Selling on Amazon, Cdiscount, your own store and a dozen more channels means the same product data has to be correct everywhere, at once. Here is why that breaks with spreadsheets and one-off connectors, and what an orchestration-first approach changes.

What is marketplace data orchestration?

Marketplace data orchestration is the practice of managing your product data, SKUs, attributes, media, translations, stock, prices and orders, in one central system, then automatically pushing the right version of that data to every sales channel and pulling every order back. Instead of maintaining a separate catalog per marketplace, you maintain it once and let the platform reconcile the differences.

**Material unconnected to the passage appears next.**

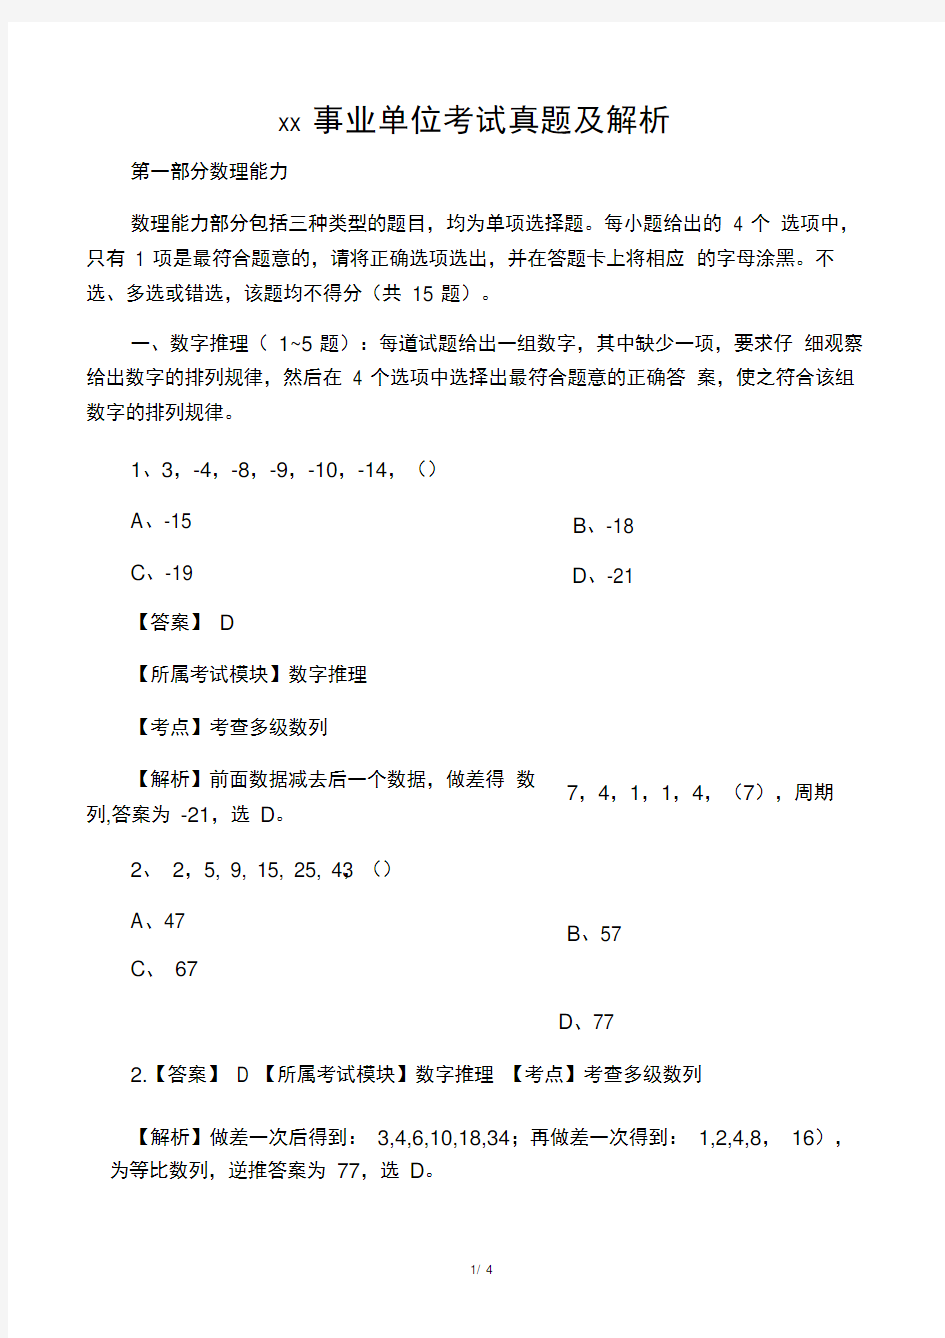 上海事业单位考试真题及解析(14年真题)

It is the layer that sits between your back-office (ERP, PIM, WMS) and your sales surfaces (Amazon, Cdiscount, Worten, your e-commerce store, integrators like Lengow). Its job is not just to move files around, but to keep every channel consistent as your data changes hundreds of times a day.

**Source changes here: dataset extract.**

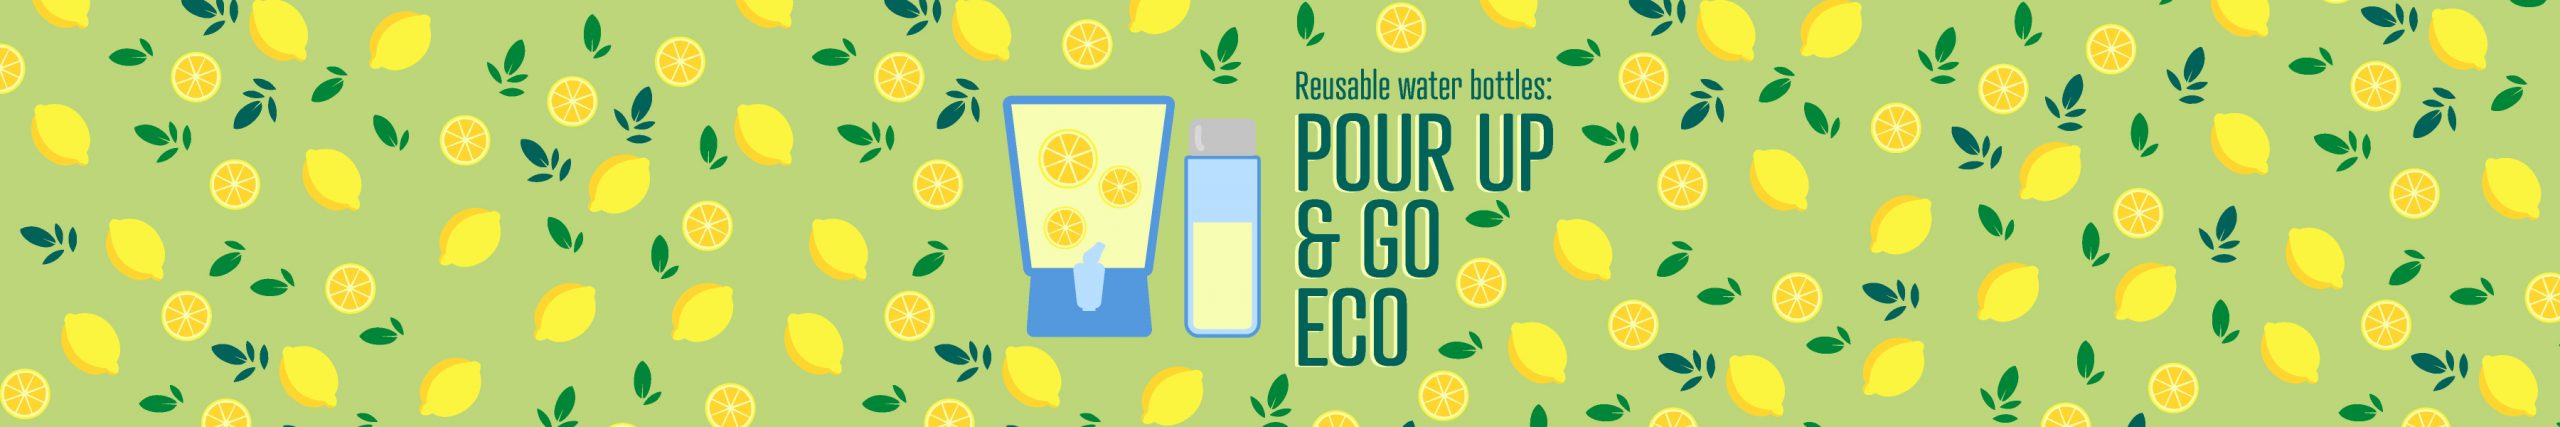 Pour Up & Go Eco!

Why spreadsheets and point-to-point connectors break

Most teams start with exports and a connector per marketplace. It works for two channels. By the fifth, the cracks show:

  • The same product is rebuilt many times. Each marketplace wants its own format, categories and required attributes, so the same SKU is re-described again and again, and the versions drift apart.
  • Stock and price desync. A point connector that runs on its own schedule oversells when stock drops between two syncs, or keeps a stale price live for hours.
  • No single view of health. When a feed fails on one channel, nobody notices until sales drop, there is no shared place that shows what is up to date and what is not.
  • Errors are invisible. A rejected product, a missing EAN, a broken image, they sit in a marketplace back-office that nobody checks daily.

The root problem is that point-to-point connectors treat every channel as an island. There is no source of truth, so there is nothing to keep them consistent with.

The four pillars to centralise

An orchestration platform unifies four data domains that are usually scattered across tools and spreadsheets:

  • Catalog (PIM). Centralise SKUs, attributes, media and translations once, then enrich and map them to each channel's taxonomy. See how the catalog works →
  • Inventory. A single, real-time stock position that every channel reads from, so you stop overselling.
  • Pricing. One pricing logic, with per-channel rules, instead of editing prices marketplace by marketplace. Pricing →
  • Orders. Every order from every channel pulled back into one place, normalised and ready for fulfilment and analytics. Orders →

Orchestration-first: monitor everything from one cockpit

Centralising the data is half the job. The other half is operating it. A mature setup is orchestration-first: a single operational home where you see, in real time, the health of every data flow, what synced, what is delayed, what failed, and which alerts need attention, alongside your business pulse (GMV, orders, refunds).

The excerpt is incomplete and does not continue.